Maaşlara 'ballı mevduat'deniliyor
Maaş ödemelerinin bankalar için önemi, paranın sektörde 'ballı mevduat' olarak bilinen vadesiz mevduat hesabına yatırılmasından kaynaklanıyor. Böylece, bir aylık mevduat için müşterilerine yüzde 15-16 faiz ödeyen bankalar maliyetsiz kaynak imkanına kavuşuyor. Maaşlar çalışana ödenmeden bir ya da iki gün önce bankadaki hesaba geçiriliyor. Banka aradaki sürede parayı değerlendirebiliyor. Çekilmeyen kısım ileriki günlerde bankaya ek gelir yaratıyor. Ayrıca maaş hesabı bulunan müşteriler bankacılık işlemi yaparak komisyon geliri yaratıyor. Buna ek olarak, maaş hesabı bulunanlara verilen kredi kartları, krediler vb. bankalar için kârlı bir müşteri portföyü oluşturuyor.
Bankalar 'Maaşı bize yatırın' diye 2 katrilyonluk promosyon yapıyor
Geçtiğimiz yıl Maliye Bakanlığı tarafından, 1 yıllık memur maaşı karşılığı olarak 28.3 katrilyon, 1 yıllık işçi maaş karşılığı olarak 4.423 katrilyon olmak üzere toplam 32.723 katrilyon lira ödendi. Söz konusu maaşlar her ayın 14. günü anlaşmalı bankalara yatırıldı. Uygulamada, bankaların, kendileriyle sözleşme yapması karşılığında kurumlara yıllık maaş toplamlarının ortalama yüzde 5'i ile yüzde 7'si arasında bir tutarı promosyon olarak ödediği belirtiliyor. Promosyon, zaman zaman bağış adı altında da yapılıyor. Bu yaklaşımla bankalar tarafından kurumlara ödenen promosyon tutarının ortalama yıllık 1.6 ile 2.3 katrilyon lira arasında değiştiği tahmin ediliyor.

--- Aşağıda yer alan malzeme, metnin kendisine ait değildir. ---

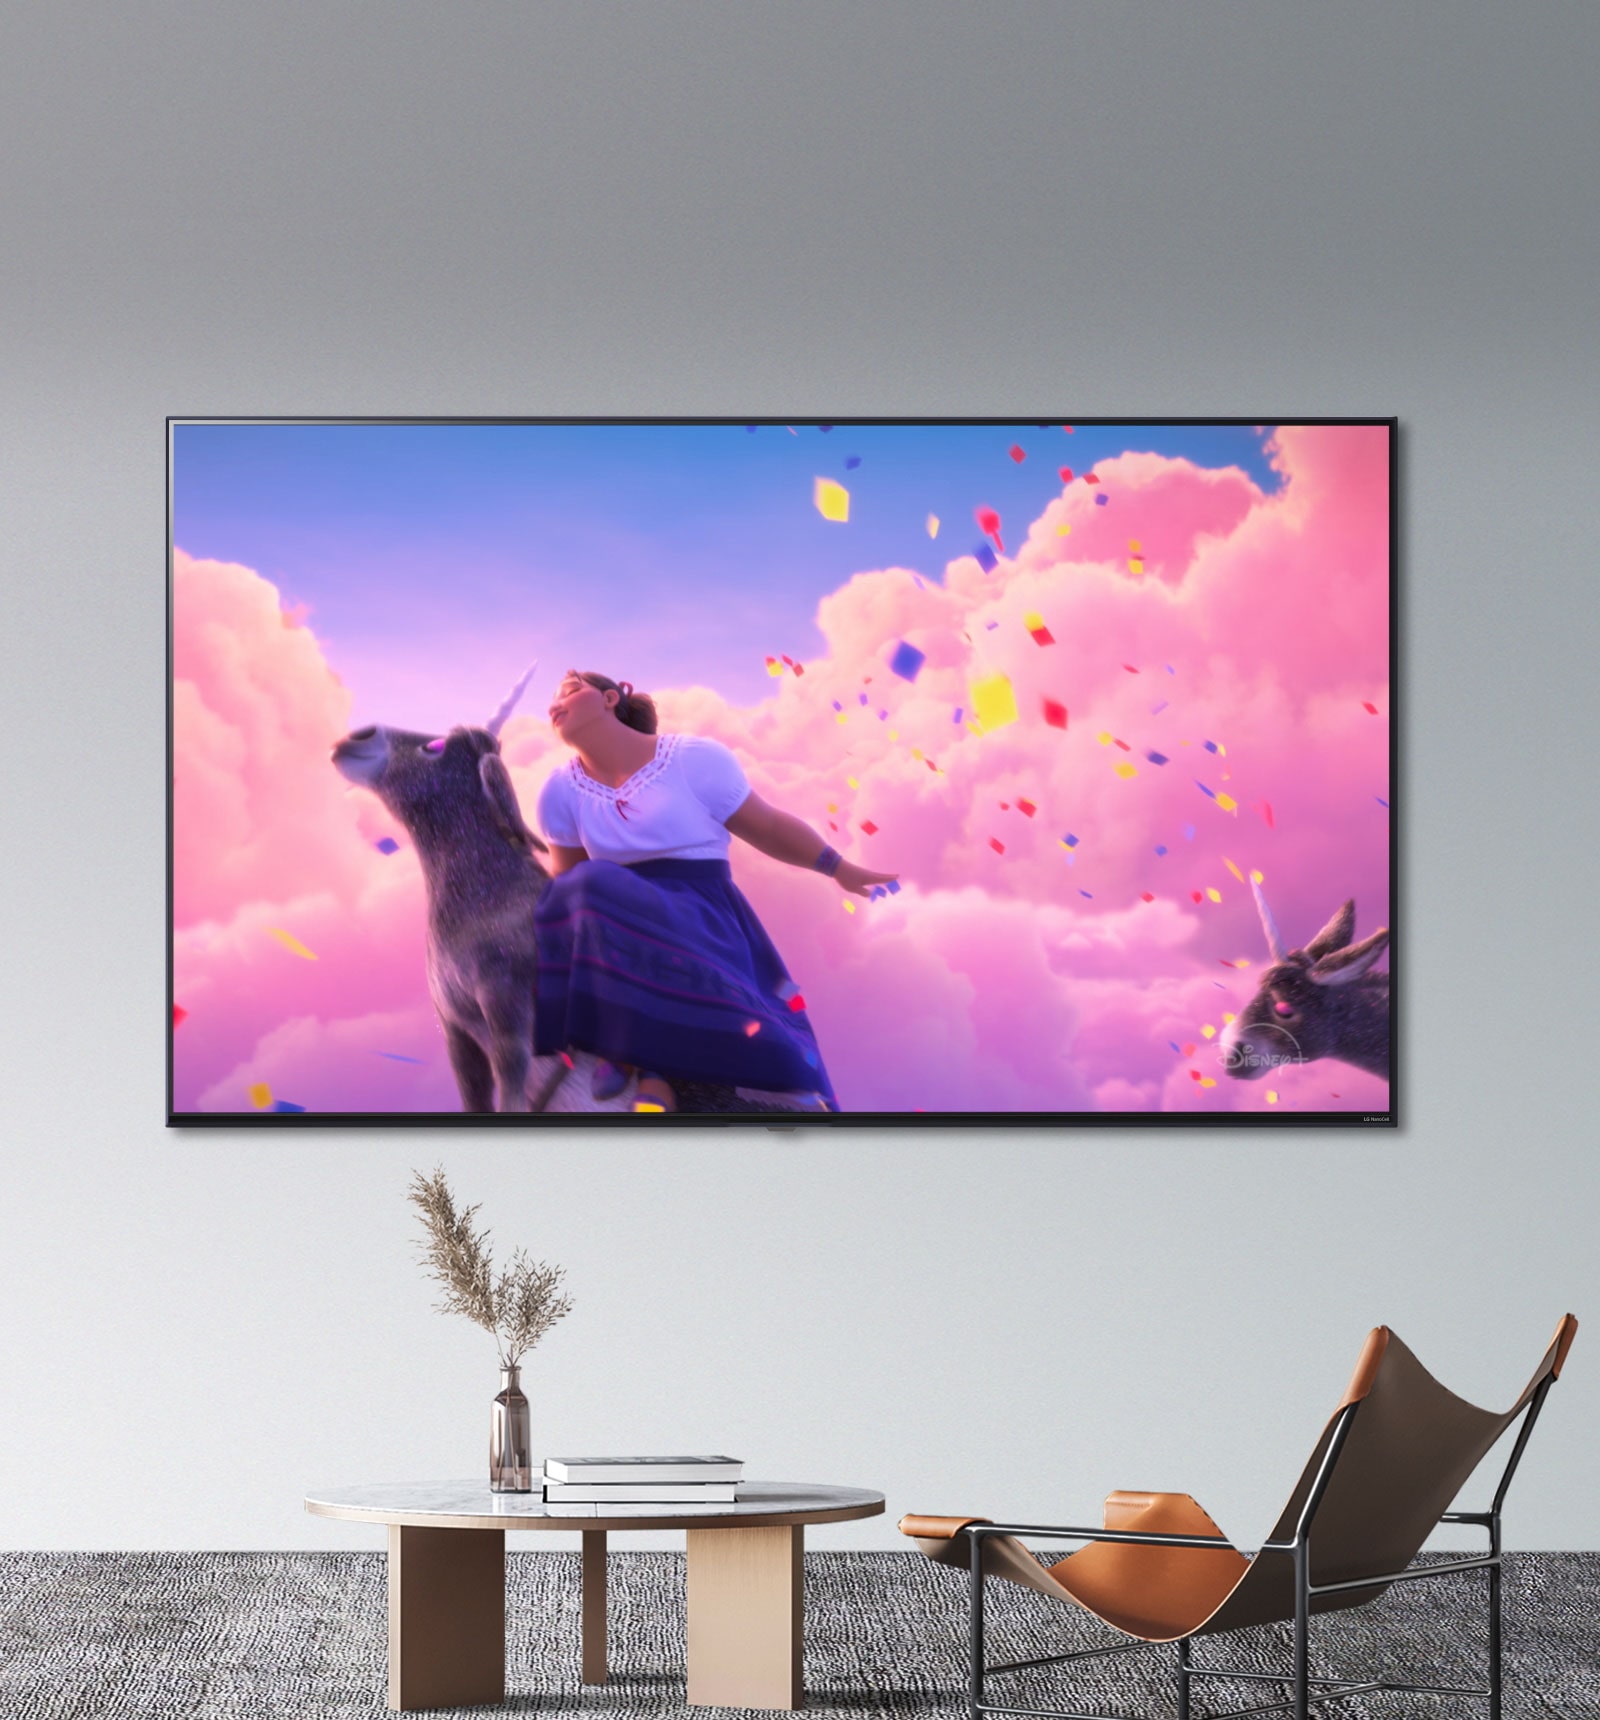 Сцени з анімаційного фільму Діснея «Енканто» відображаються у яскравих, живих кольорах на телевізорі LG NanoCell.

Yine uygulamada, bankaların ödediği promosyon kurum amirleri tarafından alınıyor ve bir tür "örtülü ödenek" gibi kullanılıyor. Bazıları kurumların ihtiyaçları için kullanılsa da, çoğu kez verimli olmayan, keyfi harcamalara gittiği eleştirileri getiriliyor.